Demand for refuge amid concern that global growth is faltering and Europe’s debt crisis is worsening also drove government-debt yields to record lows in the U.K., Canada, France, Germany and the Netherlands.
The rate of inflation in the euro area was at 2.4 percent in June, the same as in May, the European Union’s statistics office in Luxembourg said today. Earlier the euro traded below $1.22 for a third day as German Chancellor Angela Merkel said she hasn’t softened her stance on measures to stem the sovereign debt crisis.

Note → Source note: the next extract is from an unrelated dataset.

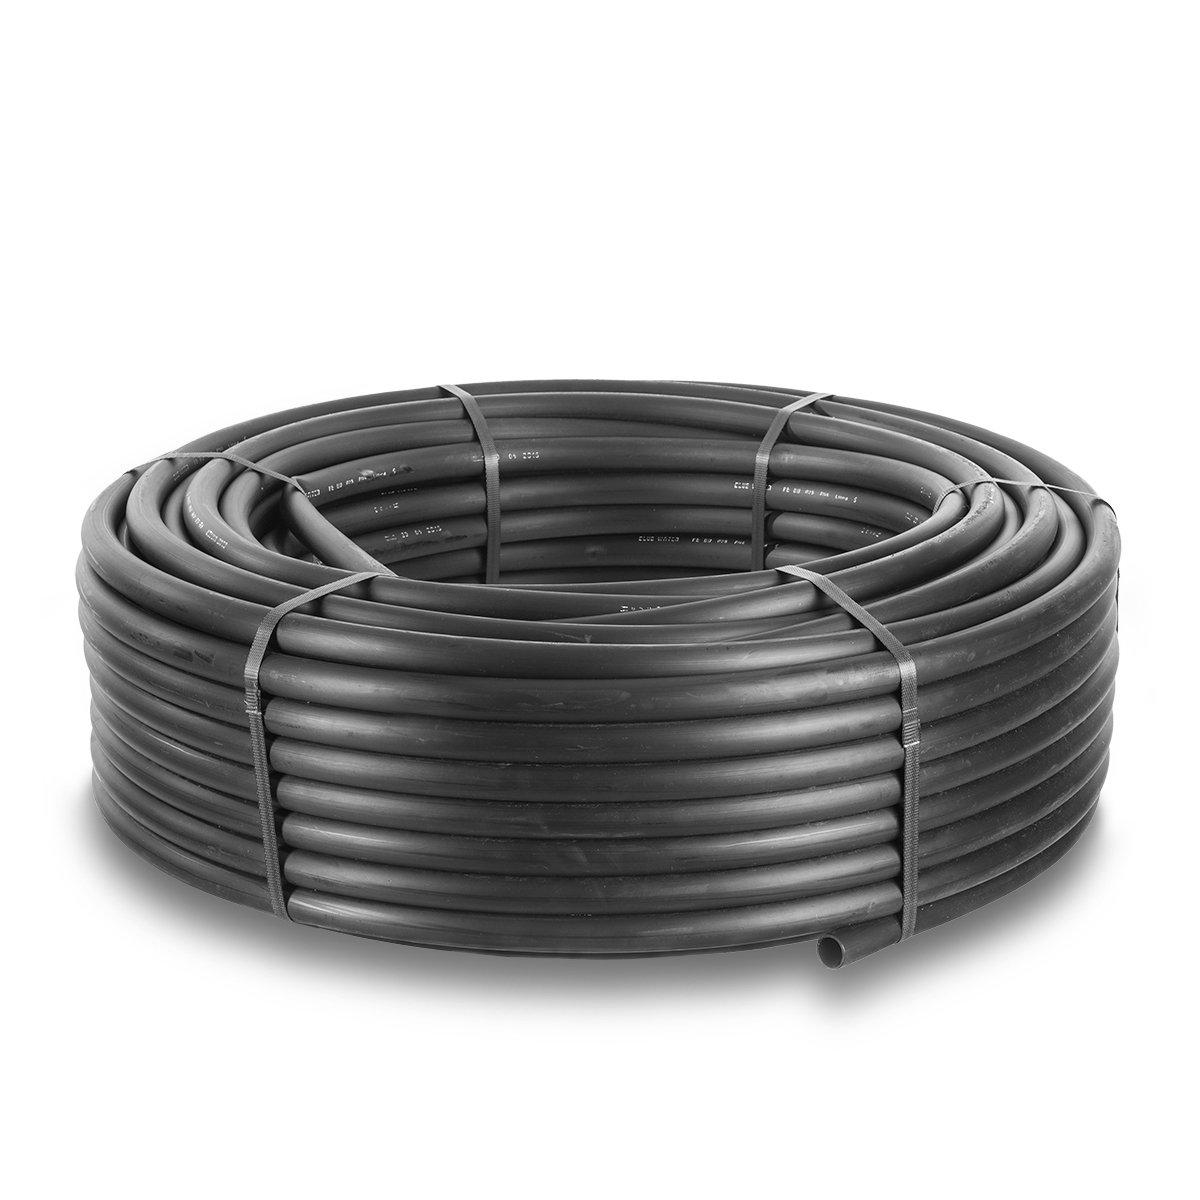 100m PE Rohr 32mm x 1,9mm Verlegrohr Druckrohr für Brauchwasser PN4

The euro remained stronger versus the dollar and down against the yen as Moody’s Investors Service lowered long-term debt and deposit ratings on 10 Italian banks, citing its downgrade July 13 of Italy’s government bond rating.
The shared currency was within two cents of its lifetime average of $1.2087 from Jan. 1, 1999, when it began trading, through July 13. It declined 3.9 percent over the past three months, the worst performer among the 10 developed-nation currencies tracked by Bloomberg Correlation-Weighted Indexes. The yen advanced 6 percent, and the dollar gained 3.6 percent.
Even with the U.K. in its first double-dip recession since 1975, exports to Europe falling and the Bank of England adding to the supply of sterling by injecting 375 billion pounds ($586 billion) of stimulus, the pound rose 3.1 percent over the past six months. That’s the best performance of the basket of 10 developed-nation currencies tracked by Bloomberg.
The pound gained 0.2 percent to 78.49 pence per euro today and touched 78.32 pence, the strongest level since Oct. 31, 2008. Sterling rose 0.4 percent to $1.5637.